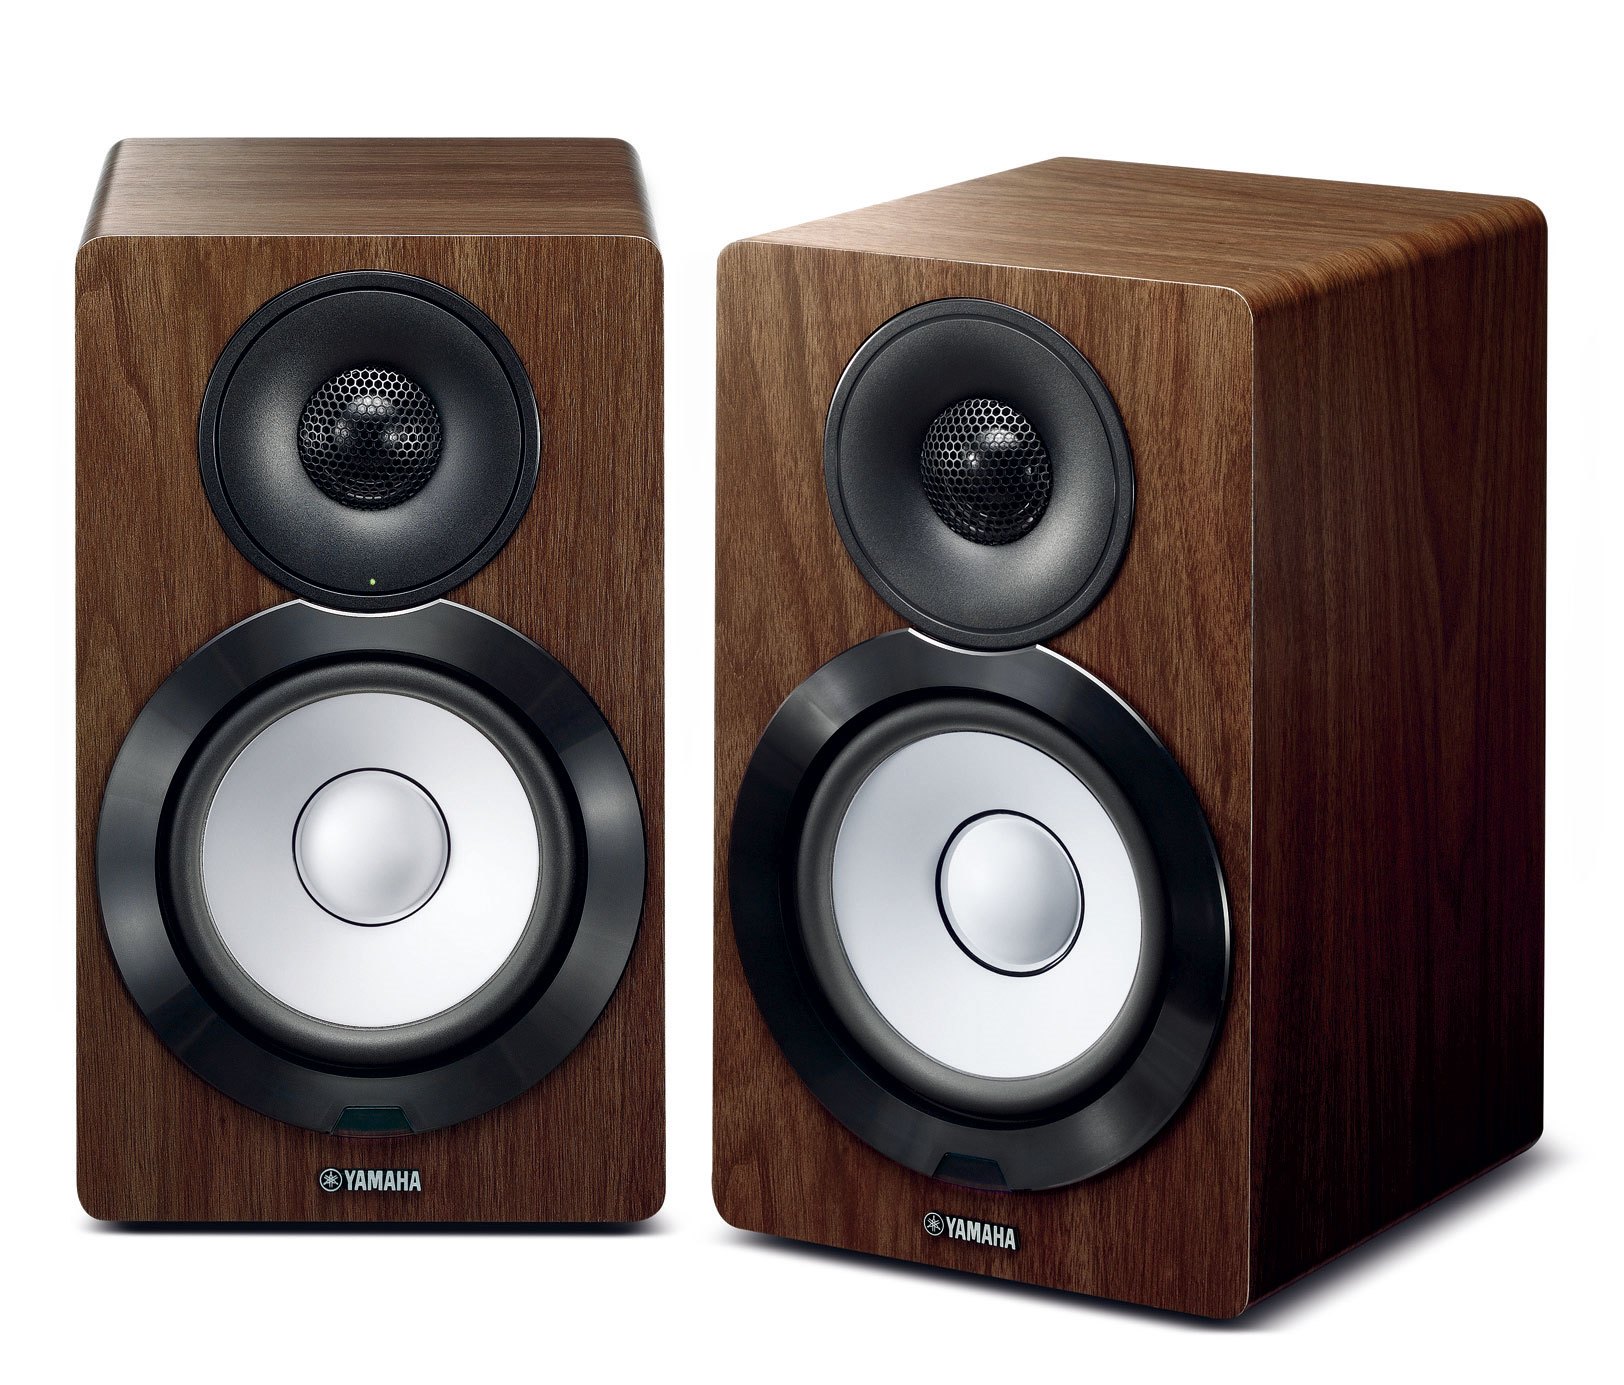 MusicCast NX-N500 - Overview - Speaker Systems - Audio & Visual 
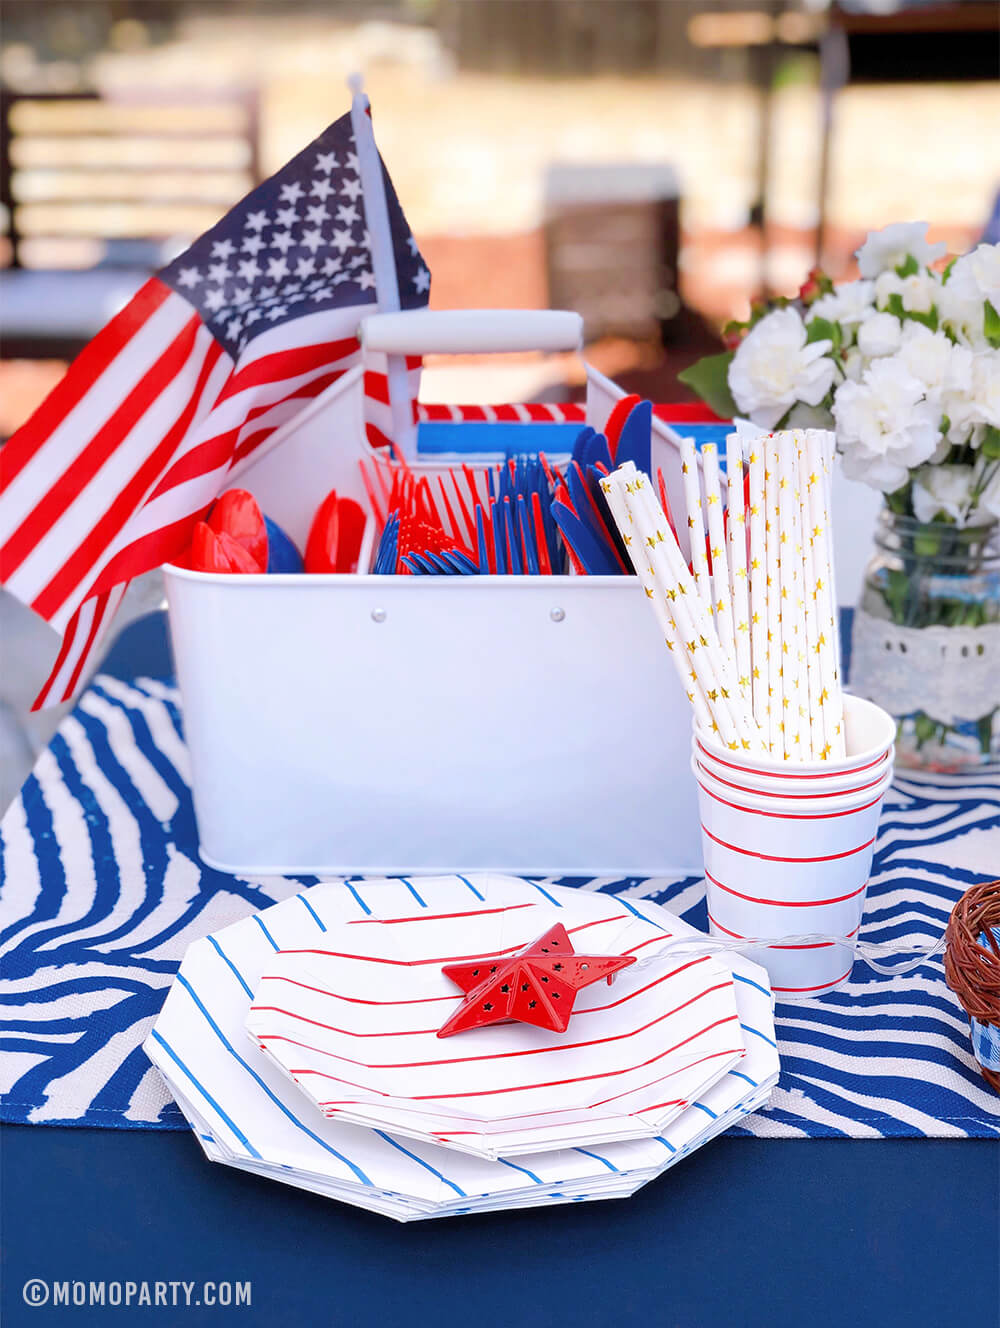 Morden backyard 4th of July Party table set up with Day dream society Blue Striped Large Plates, Red Striped Small Plate, Red Striped Cups, gold start print paper straw, American flag in the cutlery container, flowers on a blue strip table runner.
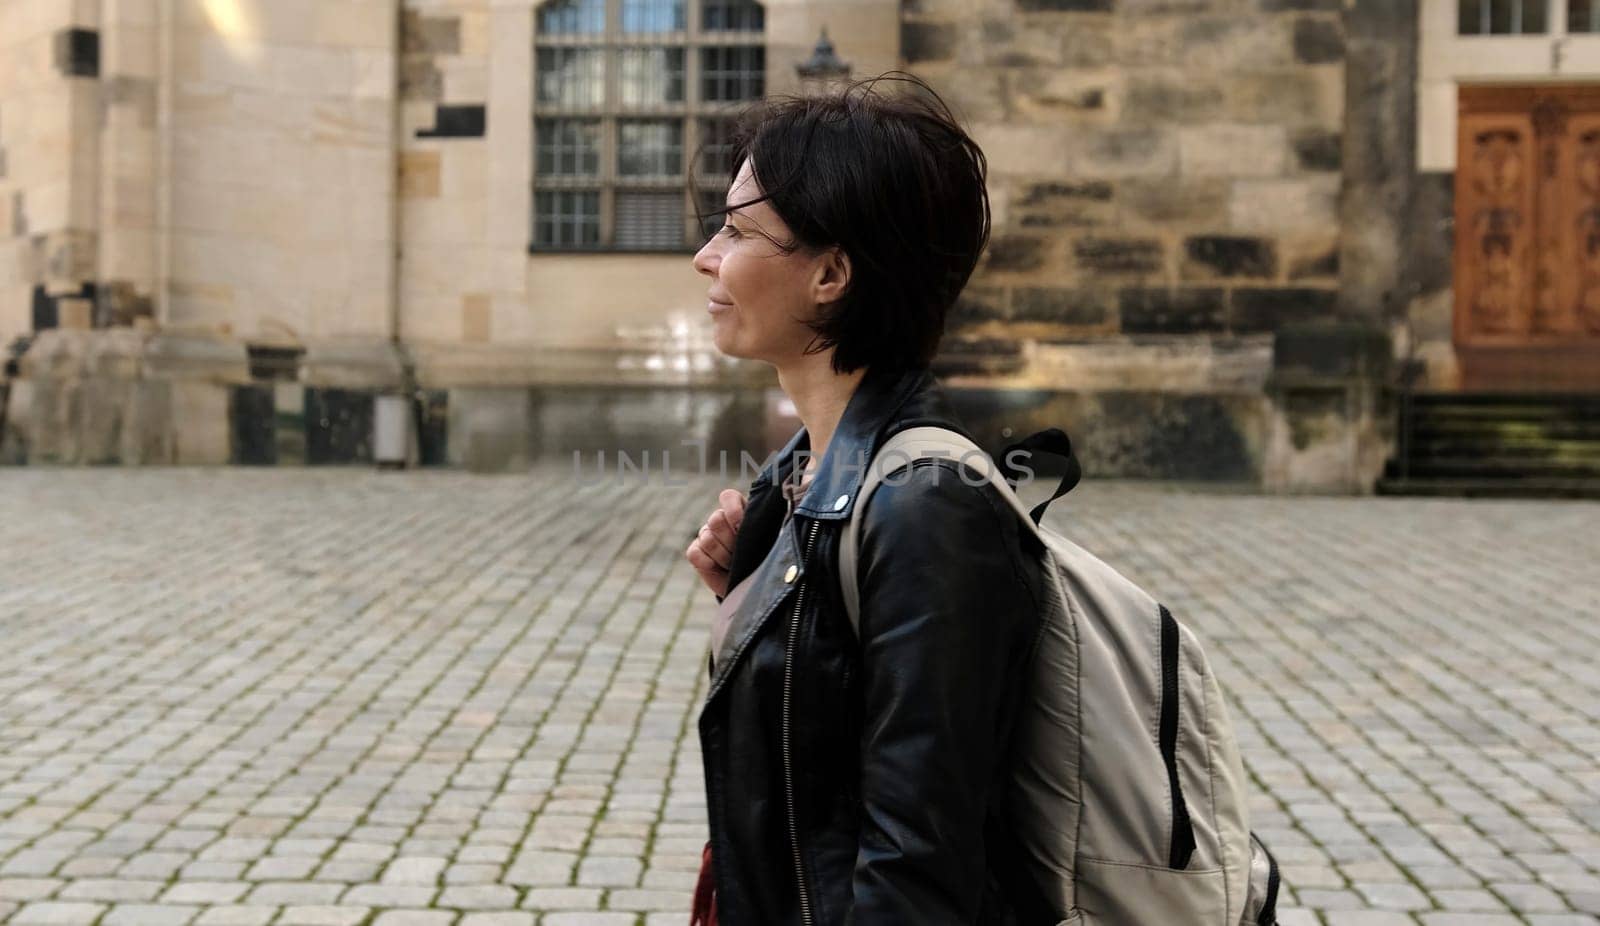 Girl Tourist, With Backpack, Explores Historical Part Of European City, Admiring Landmarks
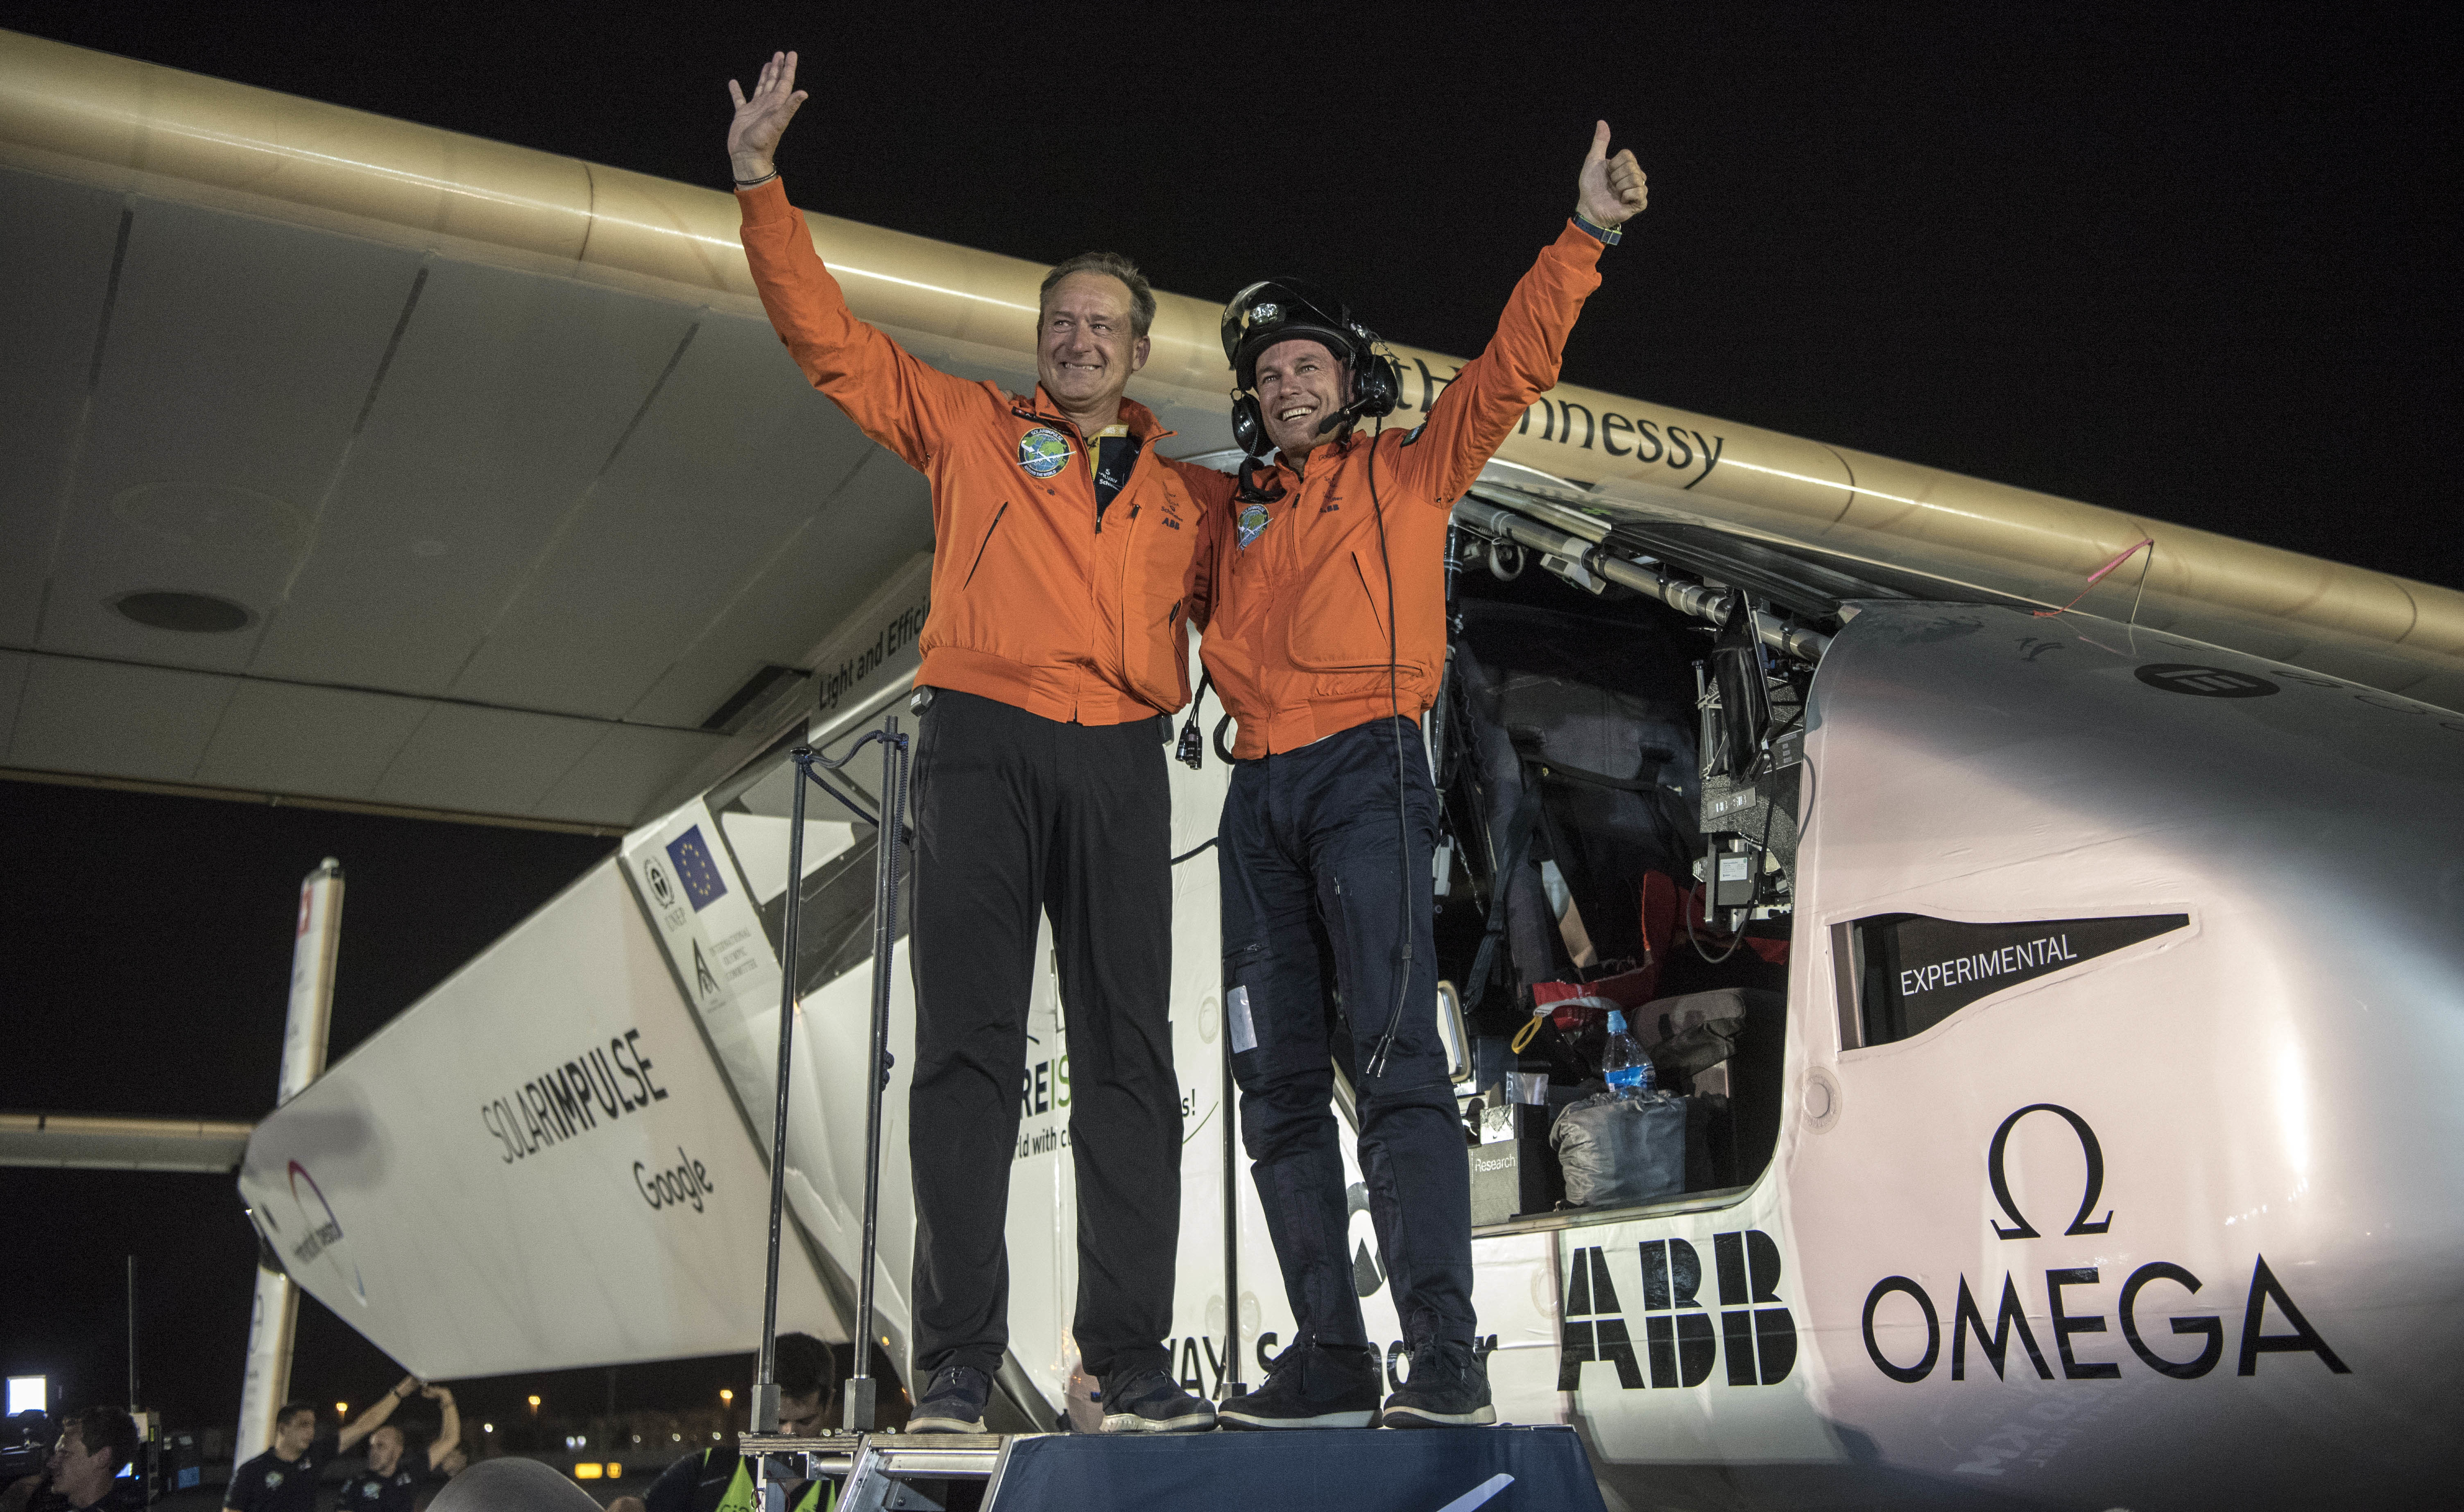 After Solar Impulse's successful landing in Abu Dhabi, the capital of the United Arab Emirates, with Bertrand Piccard at the controls, he posed with fellow pilot Andre Borschberg. The two alternated on 23 days' worth of flights without using any fuel.

● Your assignment:
Each line from the first line of the listing above through the line containing "Girl Tourist, With" is to be written out exactly, and the pictures are to be left out.

● Answer to this exercise:
 MusicCast NX-N500 - Overview - Speaker Systems - Audio & Visual 
 Morden backyard 4th of July Party table set up with Day dream society Blue Striped Large Plates, Red Striped Small Plate, Red Striped Cups, gold start print paper straw, American flag in the cutlery container, flowers on a blue strip table runner.
 Girl Tourist, With Backpack, Explores Historical Part Of European City, Admiring Landmarks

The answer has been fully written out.